O receio e a revolta tomaram conta das comunidades quando os primeiros resultados foram divulgados em 2022. Alessandra Korap Munduruku, liderança indígena, relata a comoção geral. “Estávamos doentes, mas sem exames, não sabíamos o que estava acontecendo. Quando tivemos os resultados, fizemos uma reunião e as mulheres estavam bem revoltadas. Perguntavam se deveriam interromper a gravidez porque o útero estaria contaminado e o leite materno também poderia contaminar os filhos”, disse.

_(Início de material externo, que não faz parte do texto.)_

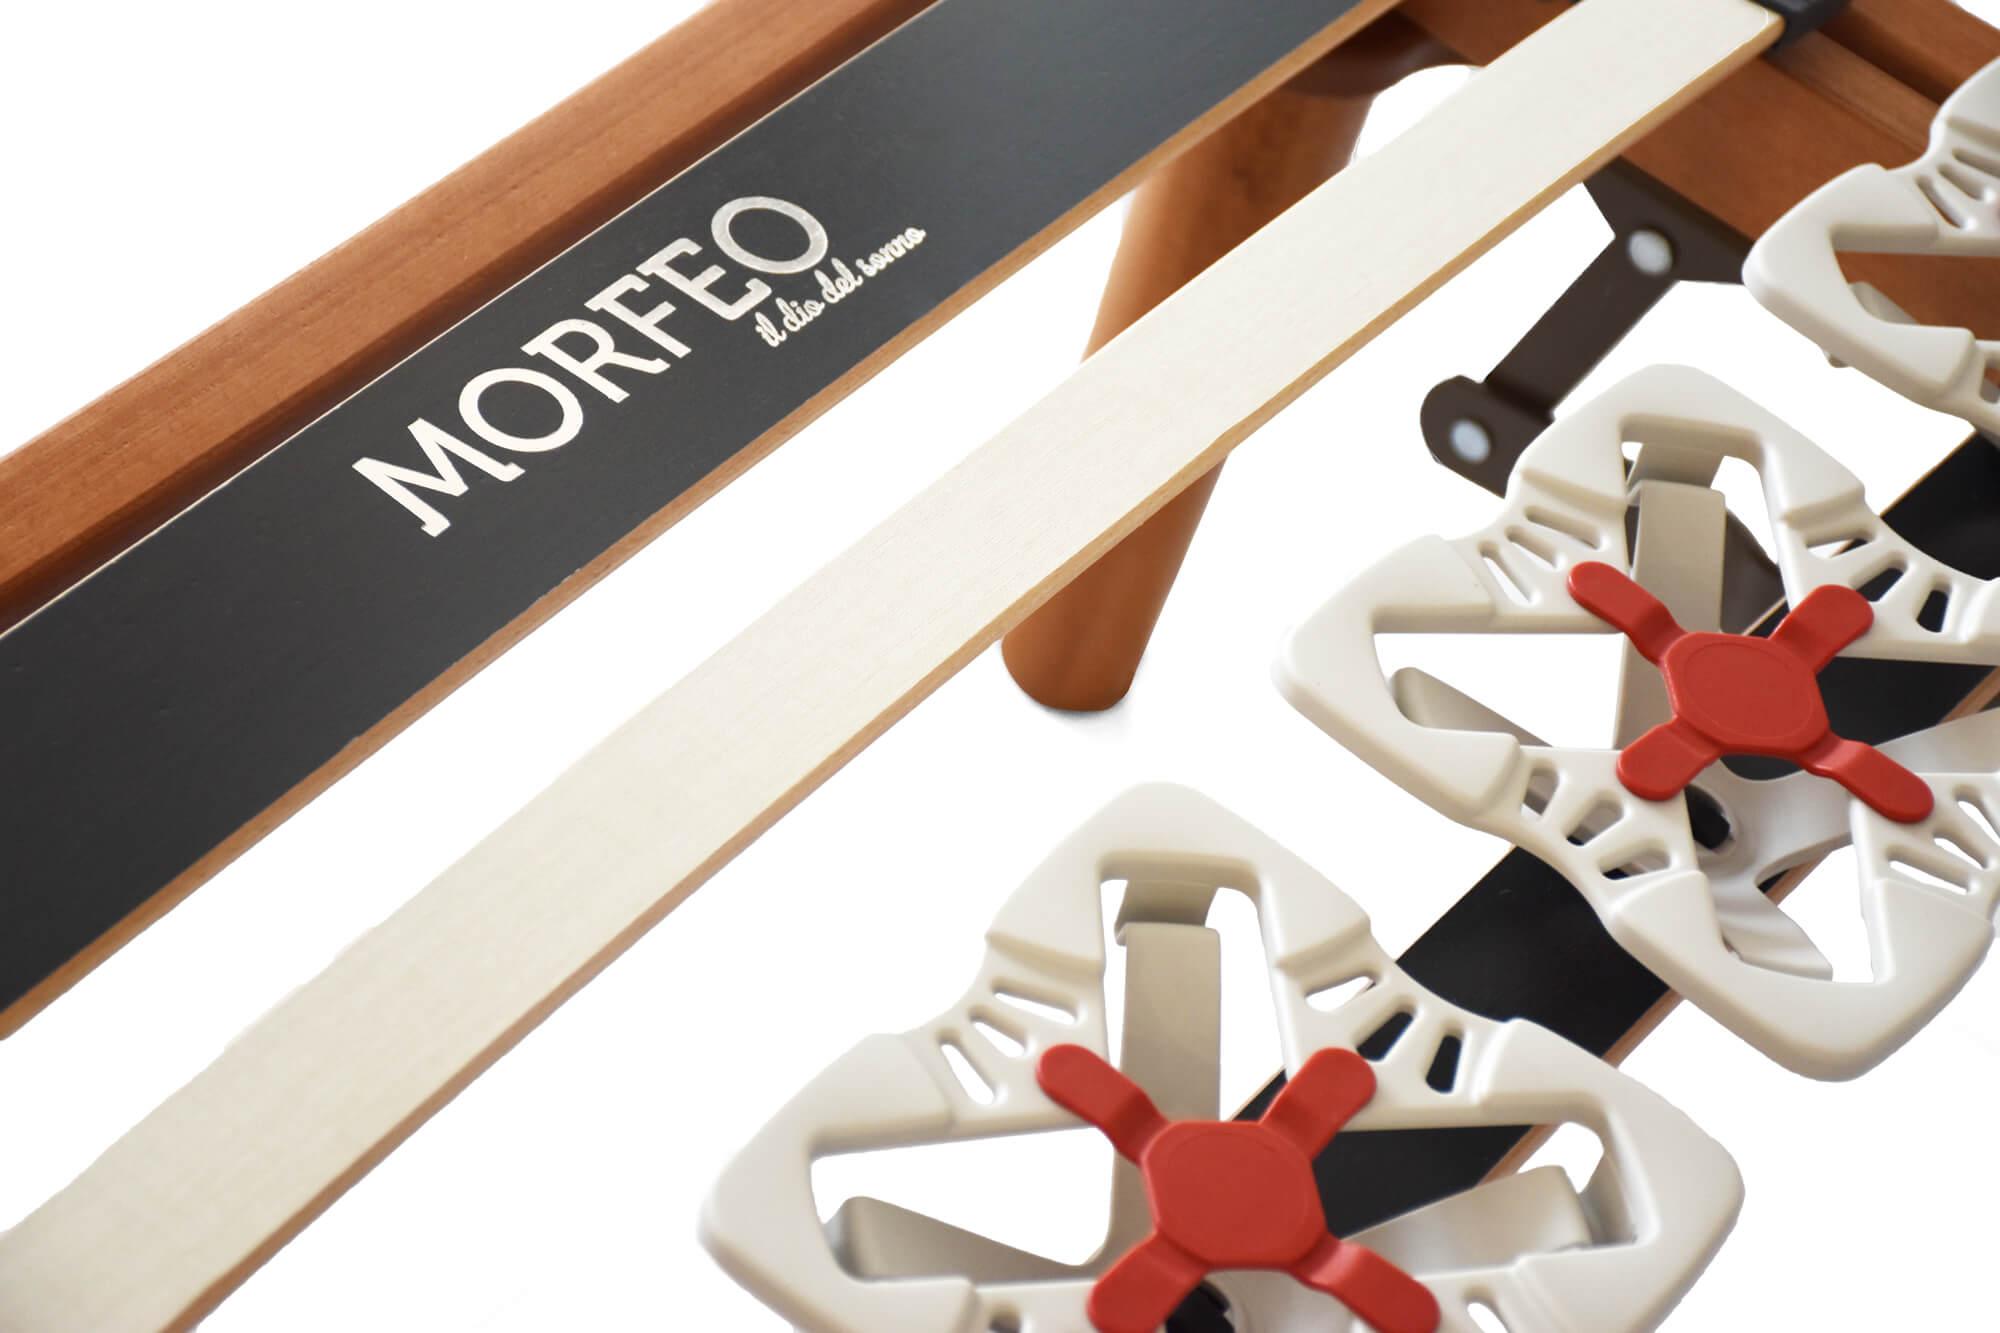 morfeo-rete-brandizzata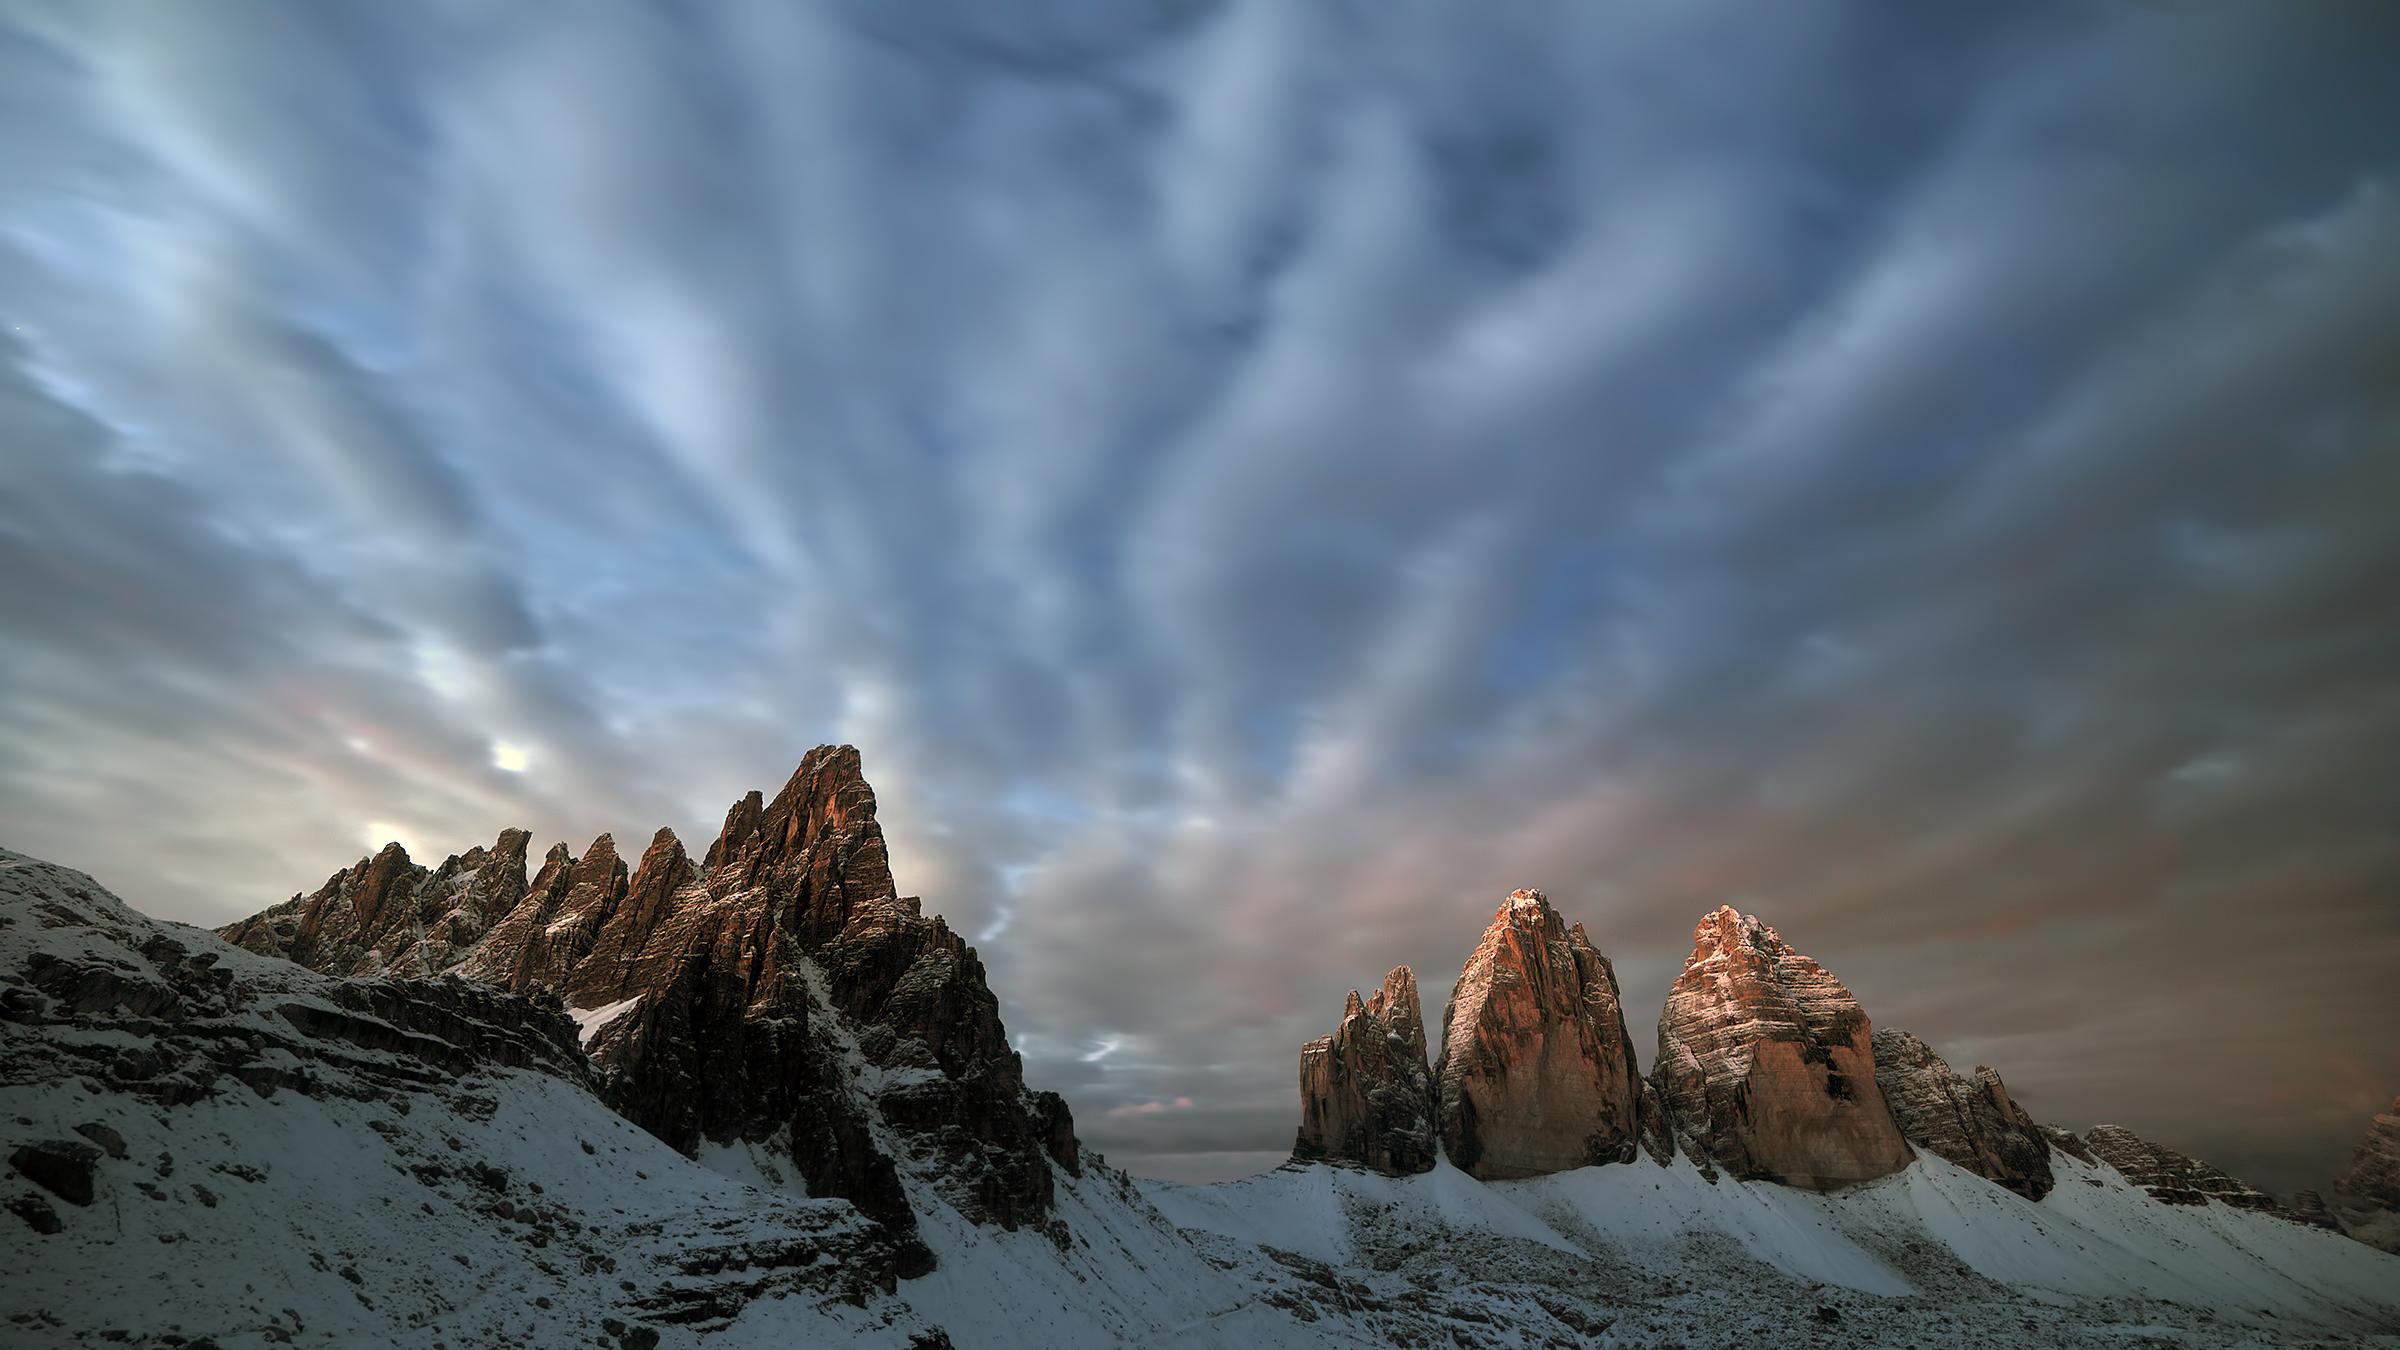 A sunrise on the Three Peaks...

A raiz do problema está intrinsecamente ligada ao garimpo ilegal de ouro, uma atividade que assola a região há décadas. O mercúrio é essencial nesse processo para separar o ouro da terra, poluindo os rios e tudo o que neles vive. A principal via de contaminação para os seres humanos é o consumo de peixes com o metal no organismo. “Nossa principal fonte de alimento é o peixe e não há como fugir disso. Para quem mora na cidade é muito fácil. Vão nas prateleiras, compram frango e carne, tem outras opções. O coração dói quando vê a situação do povo, porque eles não têm como sair do território e ir para outro lugar”, desabafa Alessandra, questionando o modelo de desenvolvimento que ignora a existência e o bem-estar dos povos originários.
A Amazônia concentra cerca de 92% das áreas de garimpo no Brasil, legal ou ilegal. O ouro representa 85% dessa exploração. A informalidade desse setor gera desmatamento, violência, conflitos com comunidades tradicionais, trabalho escravo, evasão fiscal e de divisas. Análises indicam que Permissões de Lavra Garimpeira (PLGs) são, em muitos casos, um véu para a comercialização de ouro extraído ilegalmente, driblando licenciamentos ambientais rigorosos.
Porém, os impactos do garimpo não se restringem à ilegalidade. Um estudo aponta que mesmo a atividade regulamentada enfrenta fragilidades. Flexibilizações em licenciamentos estaduais e falta de transparência na implementação de salvaguardas socioambientais minam a fiscalização. Eliane Moreira, promotora do Ministério Público do Pará, aponta a responsabilidade governamental. “Essa grande contaminação de mercúrio acontece a partir de um licenciamento bastante frágil. Em municípios com baixo Índice de Desenvolvimento Humano (IDH), não há estrutura institucional para uma fiscalização suficiente e existe um ambiente propício para toda essa tragédia”, afirma.